With so little international diversification, there is no cushion when the regional market softens, making a winning formula a home base with global trading posts. For Konrad Fischer that involved opening a project space in Los Angeles and an office in New York last year. “Whatever slowdown there is in Germany, it does not affect us as much,” Rieger said. For Société and galleries in its Berlin cohort, international business remains the focus—it’s just cultivating the Berlin collector scene is a growing parallel mission.
Installation view of Galerie Eigen + Art at Art Cologne Palma Mallorca. Courtesy of the gallery.
Mallorca fits this logic in reverse: a fair allows dealers to credibly chase collectors abroad to meet their clients where they are, a core business tenet. “The era of the ‘Grand Tour’ is over,” said Judy Lybke of Eigen + Art, who is showing works priced between $1,600 and $290,000 at Art Cologne Palma Mallorca, which runs through Sunday. “In Palma, we’re here for the local collectors,” he said, noting that Art Basel’s recent Qatar and Hong Kong editions were also driven by regional buyers.
But Art Cologne Palma Mallorca isn’t purely a German exercise: of the 88 galleries at Art Cologne Palma, more than half are from Spain. As Lybke points out, the Balearics has “a strong collector base with an international flair” and well-trodden international art world terrain—Hauser and Wirth is on Menorca and London’s Gathering has an Ibiza outpost.
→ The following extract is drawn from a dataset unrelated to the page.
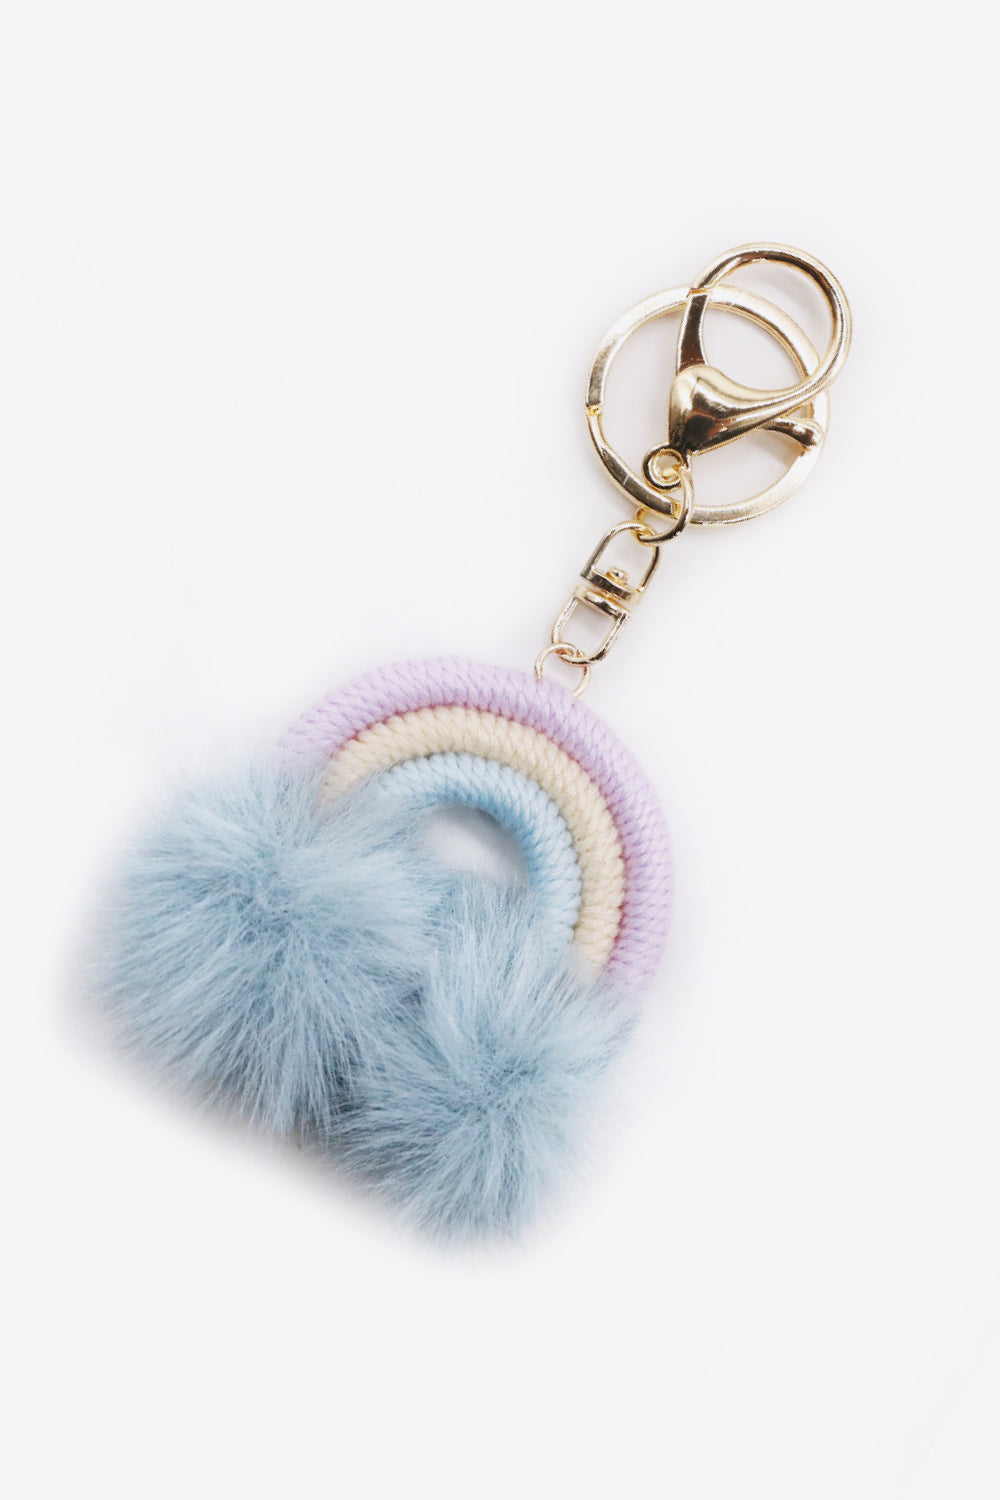 Trendsi Cupid Beauty Supplies Keychains Assorted 4-Pack Rainbow Pom Pom Keychain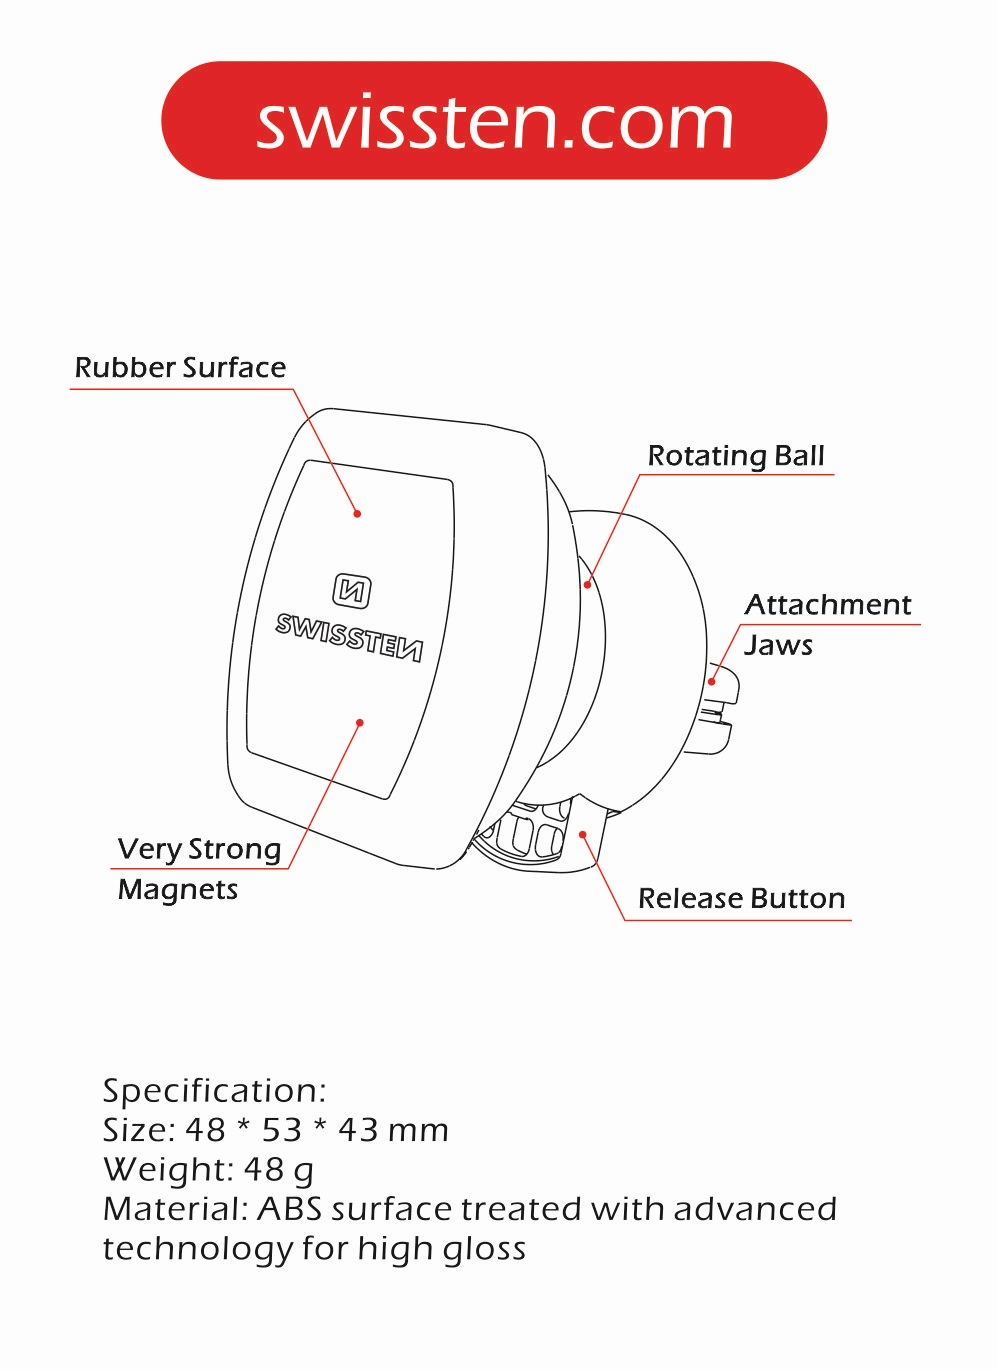 Suport auto Magnetic ventilatia masinii Swissten S-Grip AV-M3 (pachet Eco) thumb

Nor does “local” quite apply back on the Rhine where the oft-quoted depth of the local collector is not quite right, either. “The Rhineland collector is a myth: the idea that there is this long list of dominant private collections with a major impact on the contemporary art world,” said Wichelhaus. The region’s pull is the access to the Benelux and France—there’s no collector parochialism propping these fairs up.
The Bottom Line
The return to the “local” is less a retreat than a semantic rebrand. The art world’s business borders remain porous as ever—it’s just that clients and galleries are mobile in different ways. Whether Germany can fix its structural problems is the question the rest of 2026 will have to answer. Prost from Düsseldorf and salut from Palma.